What is being asked:
The answer should be one number only, namely how many lines of the records hold the word "Porsche".

Entries provided:
___

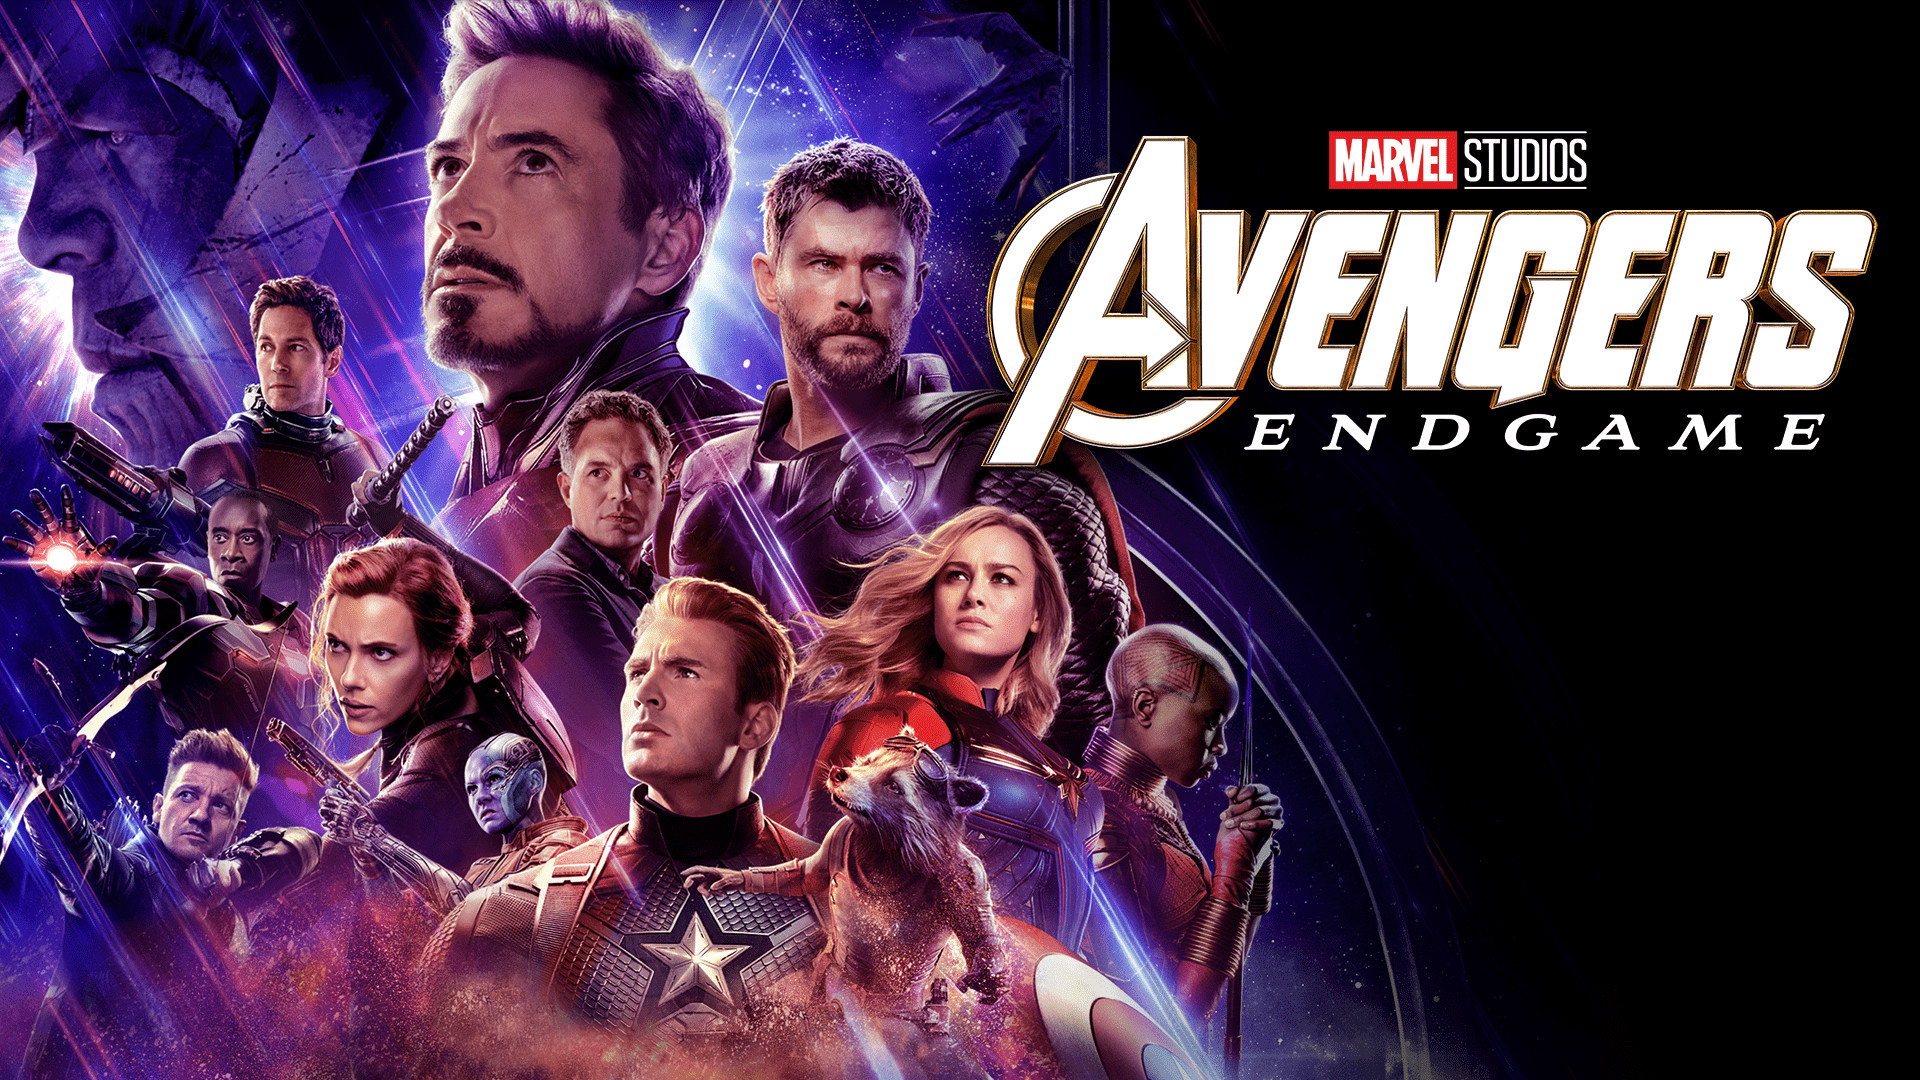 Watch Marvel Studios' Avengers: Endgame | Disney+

___

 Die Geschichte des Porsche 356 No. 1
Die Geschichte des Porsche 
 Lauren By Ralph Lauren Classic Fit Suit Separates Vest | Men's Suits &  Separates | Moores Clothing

___

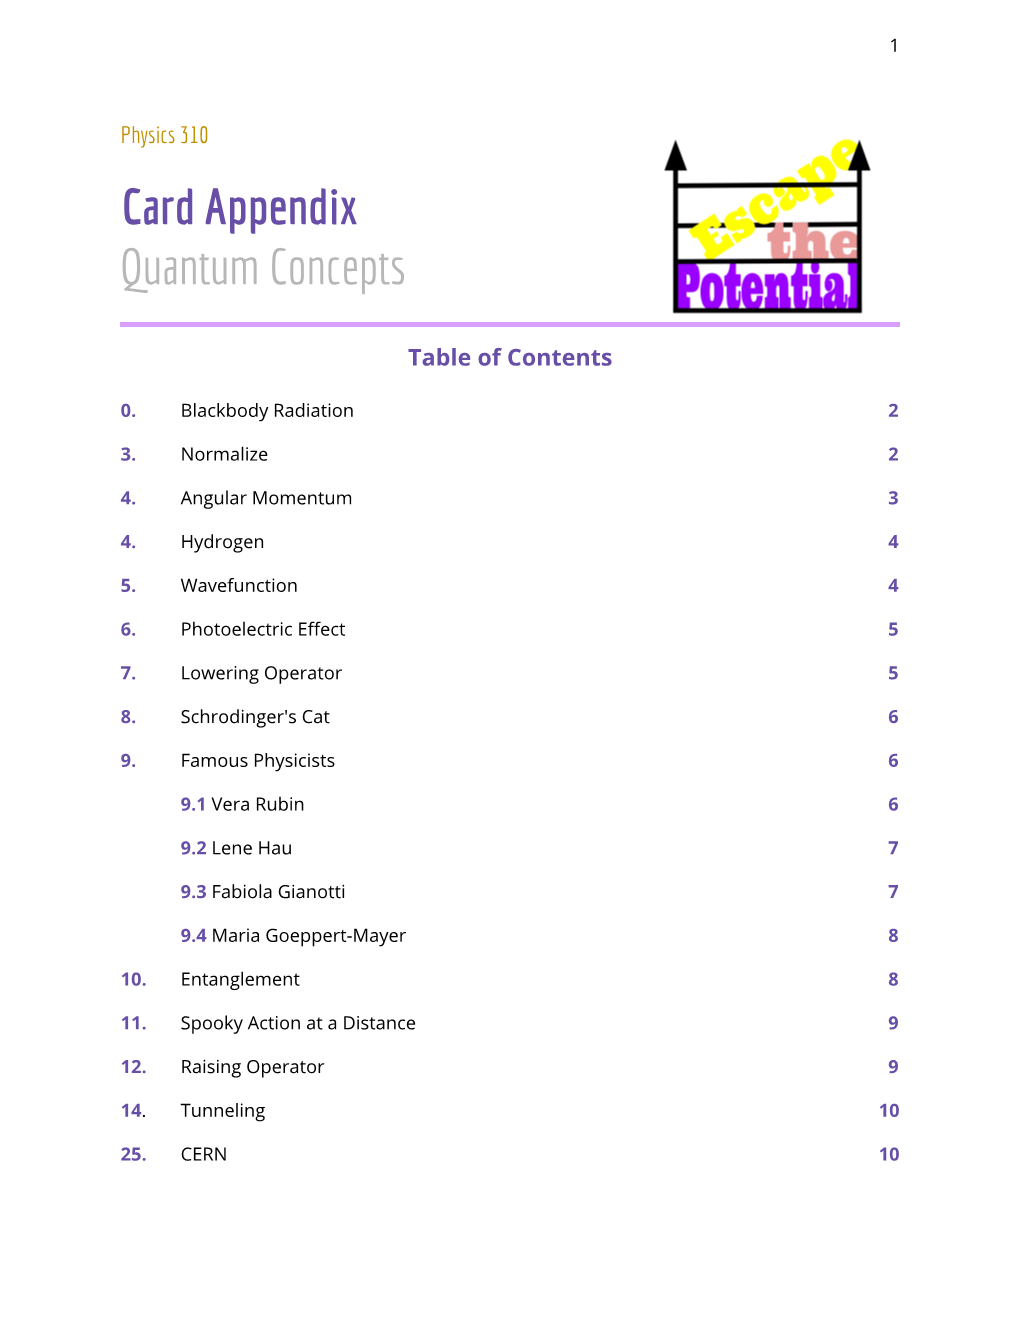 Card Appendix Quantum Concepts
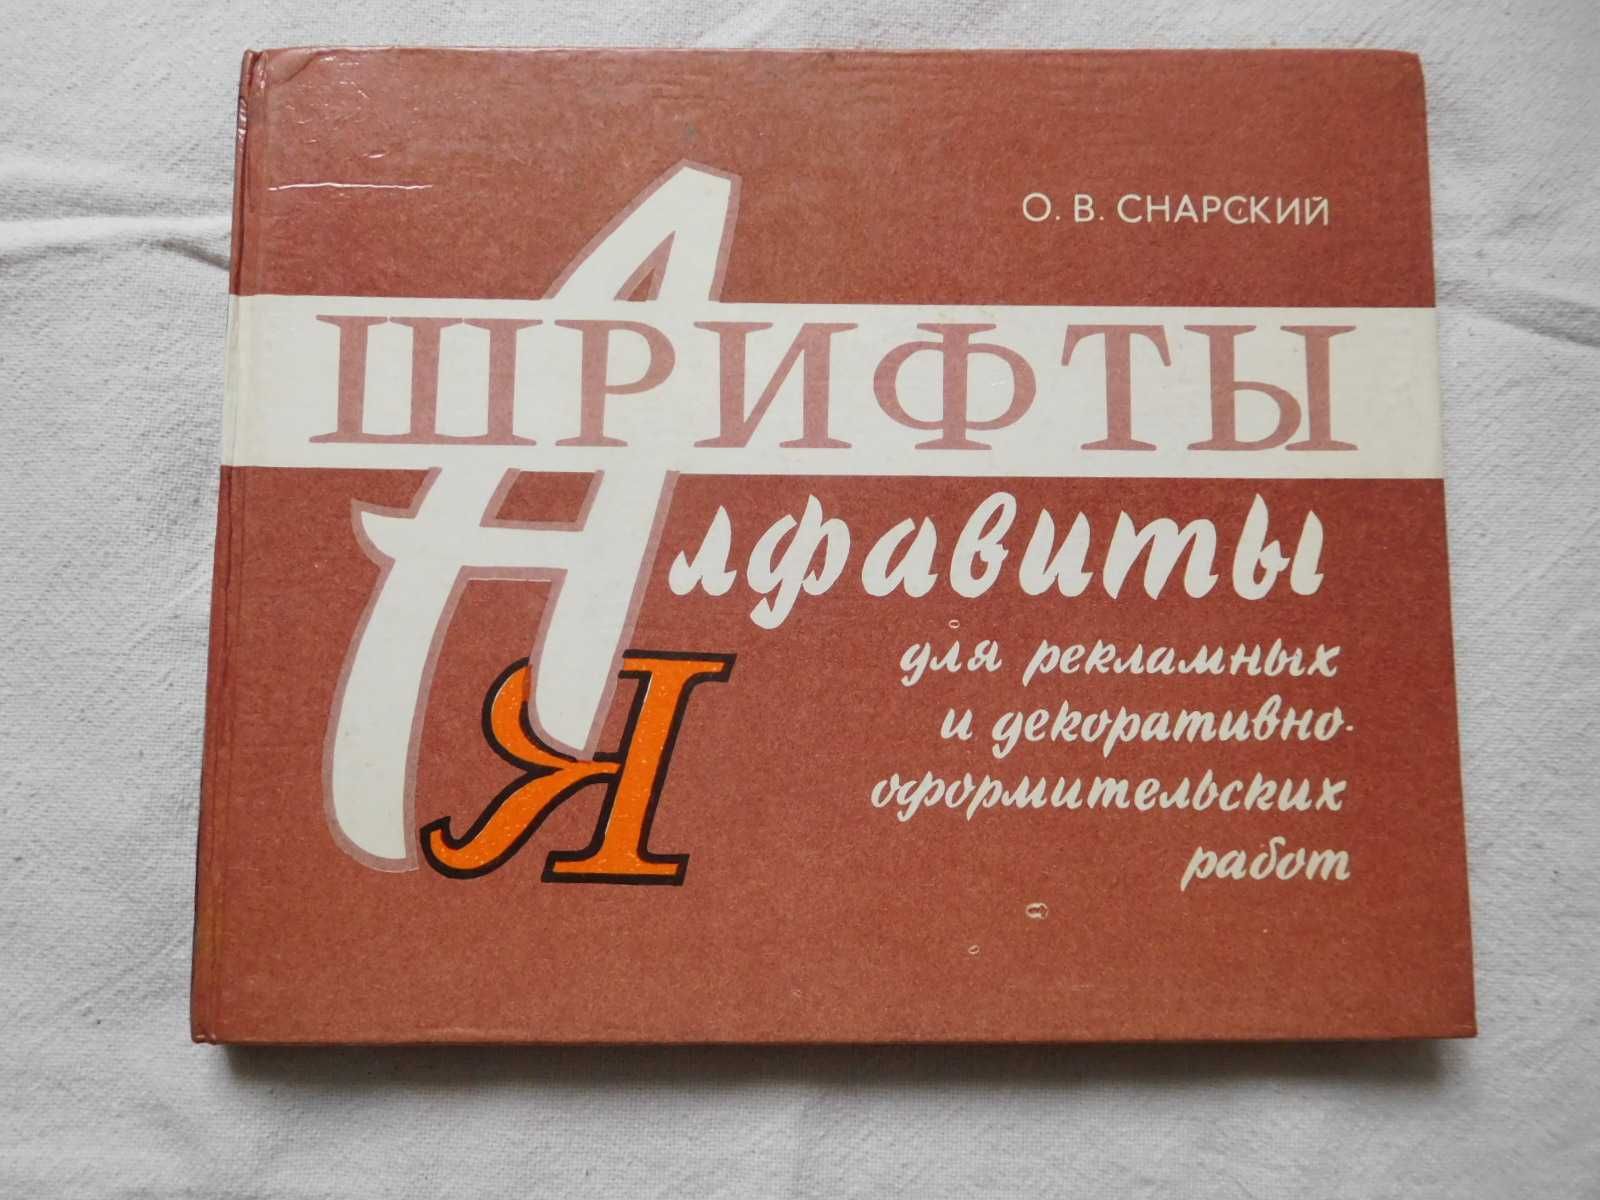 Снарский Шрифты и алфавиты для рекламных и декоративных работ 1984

___

Reply to the task:
2